By Ken Gagne, Matt Lake
July 15, 2009 06:00 AM ET

Computerworld - Everyone's abuzz about Web 2.0, and it's no wonder. Facebook, MySpace and Twitter are some of the Internet's most popular destinations, offering users unprecedented freedom to share content, engage in conversations and exchange ideas like never before.

How short our memories are. Before everyone connected to one massive Internet, a variety of smaller commercial online services with names like CompuServe, GEnie, Prodigy, Delphi and, of course, America Online (AOL) ruled the roost. Some were launched as long ago as the late 1970s, and many were text-based with nary a graphic to be found. Each charged hourly or monthly fees to a national (and sometimes international) audience in exchange for access to its private network. In addition, there were many smaller Bulletin Board Systems, or BBSs, that were also accessed by use of modems and phone lines.

These services peaked in the mid-'90s, with millions of subscribers accessing their forums, download libraries, roundtables and special interest groups, discussing everything from computer programming to coupon clipping. They also provided a way for businesses to connect with their clients before the Web became ubiquitous. Be the content corporate or user-generated, kilobytes upon kilobytes of data -- which seemed like a massive amount of information in those days -- were available as fast as dial-up modems could download it.

Around the mid-'90s, the Internet, previously available mostly to universities and government organizations, expanded onto citizens' desktops, seriously threatening the online services' hegemony. Some online services became Web gateways, while others morphed into full-fledged Internet service providers (ISPs). One way or another, most tried -- and failed -- to compete with the more comprehensive and affordable Internet.

The recent ending of support for the old CompuServe Classic service prompted us to look back at some of the most popular commercial services. We'll explore where several of the most popular of those old-school services came from, what made them unique, and where they are now. Some of their characteristics may sound familiar, and you may wonder if Web 2.0 is really a new phenomenon, or if we've we simply come full circle.

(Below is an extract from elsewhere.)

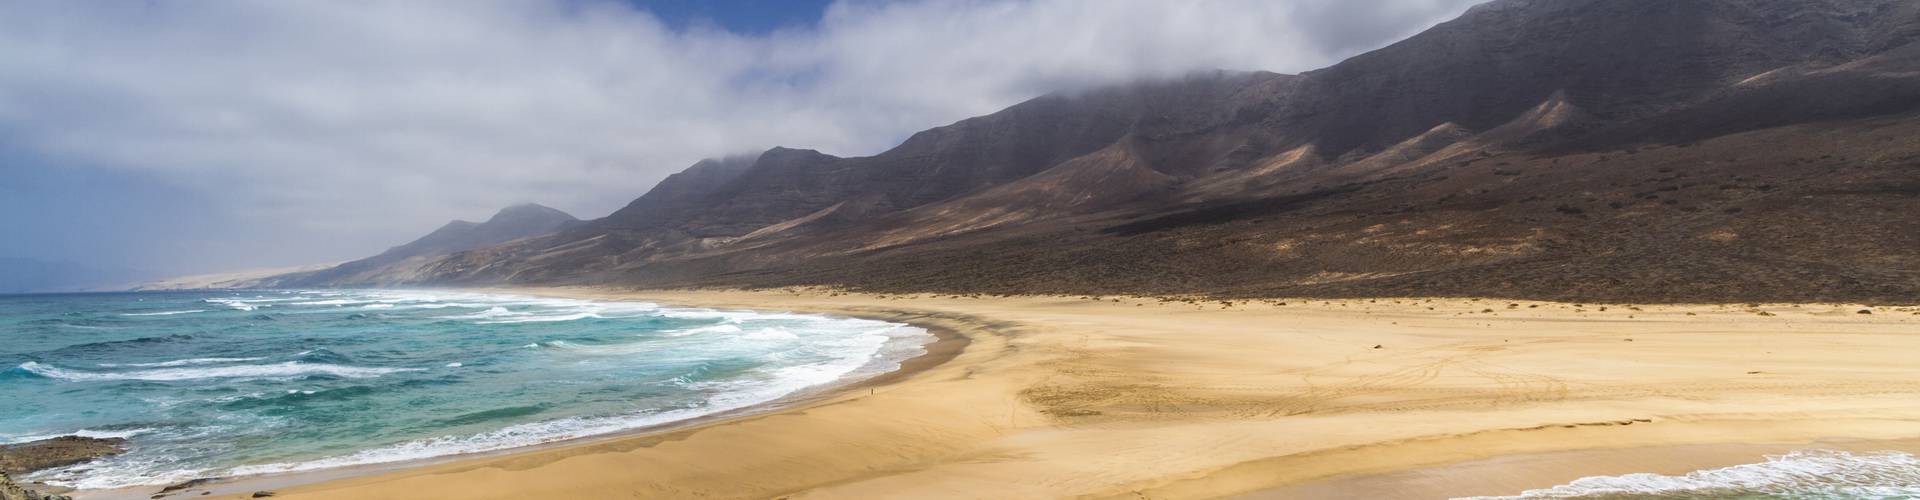 Mur Hotels -  - Las 10 mejores playas de la isla de Fuerteventura

Whatever their individual fates, these services live on not just in memory, but in their impact on the development of subsequent online communities. Even today's social networks could learn a lesson or two from the old online services.

CompuServe

Founded: 1969 (as Compu-Serv Network); 1979 (as CompuServe Information Service)
Status: Available at CompuServe.com

CompuServe was founded in 1969 as a way for Golden United Life Insurance's computers to earn their keep via time-sharing to other businesses. The service expanded to the consumer market in 1979 (formally known as the CompuServe Information Service, or CIS) and was acquired in 1980 by tax firm H&R Block, which would also gobble up rival online service The Source in 1989.

The company contracted with networks such as Tymnet to share dial-up access numbers, giving CompuServe subscribers widespread access across the U.S. Access fees depended on your modem's rate: 300 bits per second cost $6 per hour, 2400 bps cost $12, and so on. (2400 bps seemed lightning fast back then but is inconceivably slow now.)